There are also concerns that huge companies like Coca Cola are only demonstrating a commitment to recycling for PR reasons.

Coca Cola Bottle

The UK position on deposit return

The government are currently looking into how a deposit return scheme in England would work. They are working with organisations and those from relevant industries, including big names like Tesco, to discuss and assess how such a scheme would work in England. The findings are set to be revealed in a report in the new year.

Why is a scheme being considered?

There are growing concerns about the threat to marine life, and to the environment from the huge amount of plastic that is dumped in our ocean every year, which equates to around 8 million tonnes. In England, only 57% of plastic bottles were recycled last year and this has encouraged the government to seriously consider what measures can be taken to tackle the problem of plastic pollution.

The government are looking to existing successful schemes in countries like Denmark, where around 90% of bottles are recycled.

A further argument for deposit return

A report has found that councils in England could save £35 million per year by introducing a deposit return scheme.
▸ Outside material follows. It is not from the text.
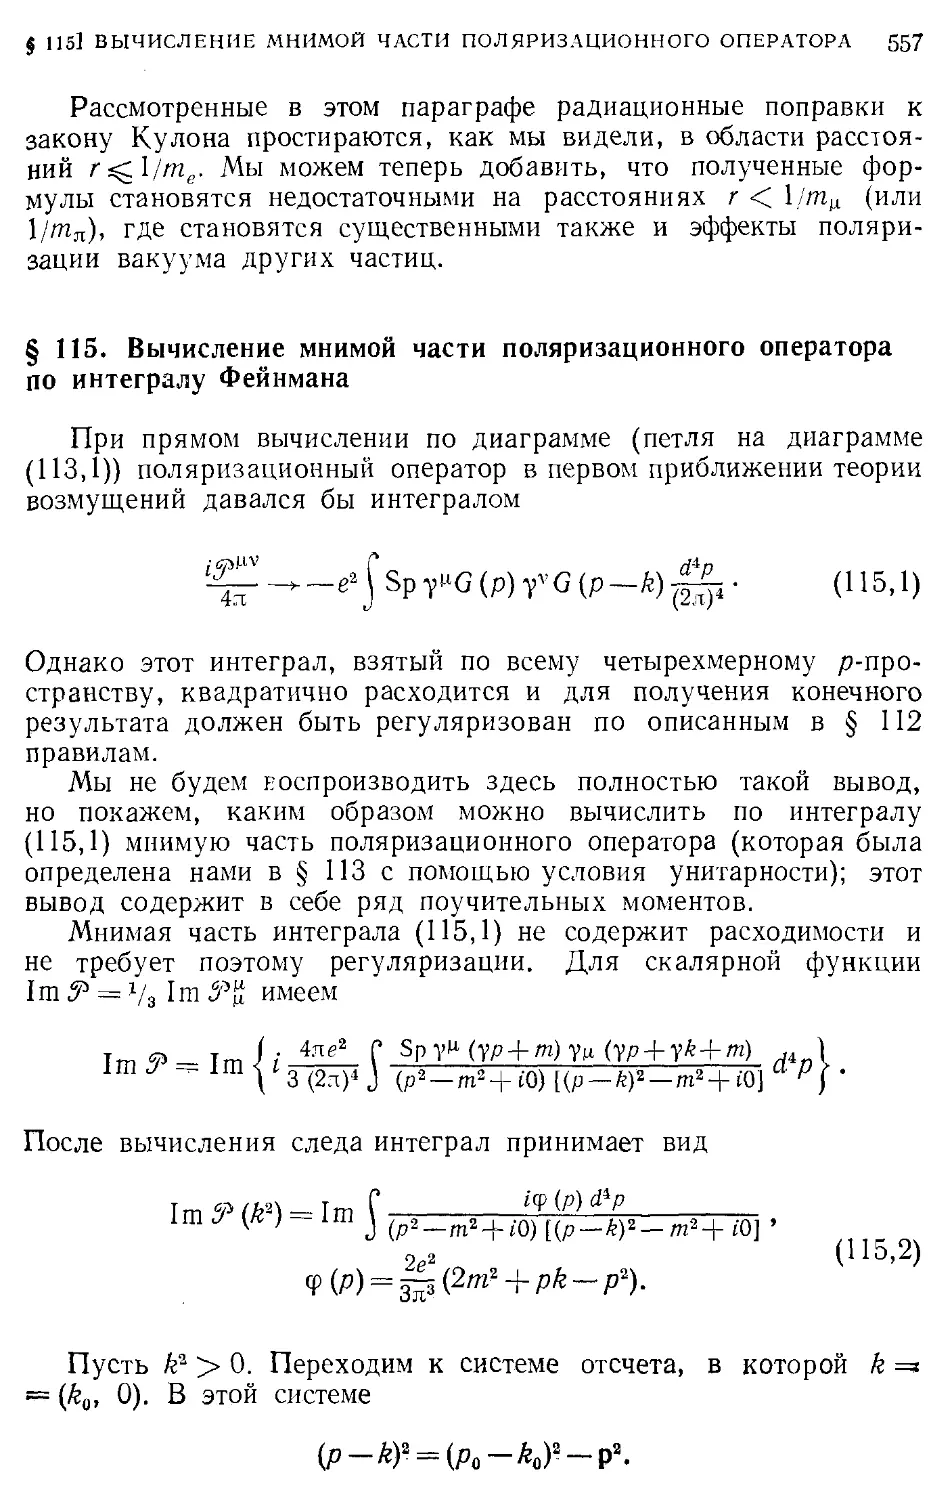 § 115. Вычисление мнимой части поляризационного оператора по интегралу Фейнмана

The report claims that councils would have less litter to clear up, less landfill charges to pay and less household recycling to collect and sort.

This challenges the concerns that some people have about the logistics of introducing a deposit return scheme and the resulting cost for councils.

Environmental groups argue that the cost of not dealing with plastic litter now is far greater than the cost of successfully implementing and maintaining a deposit return scheme.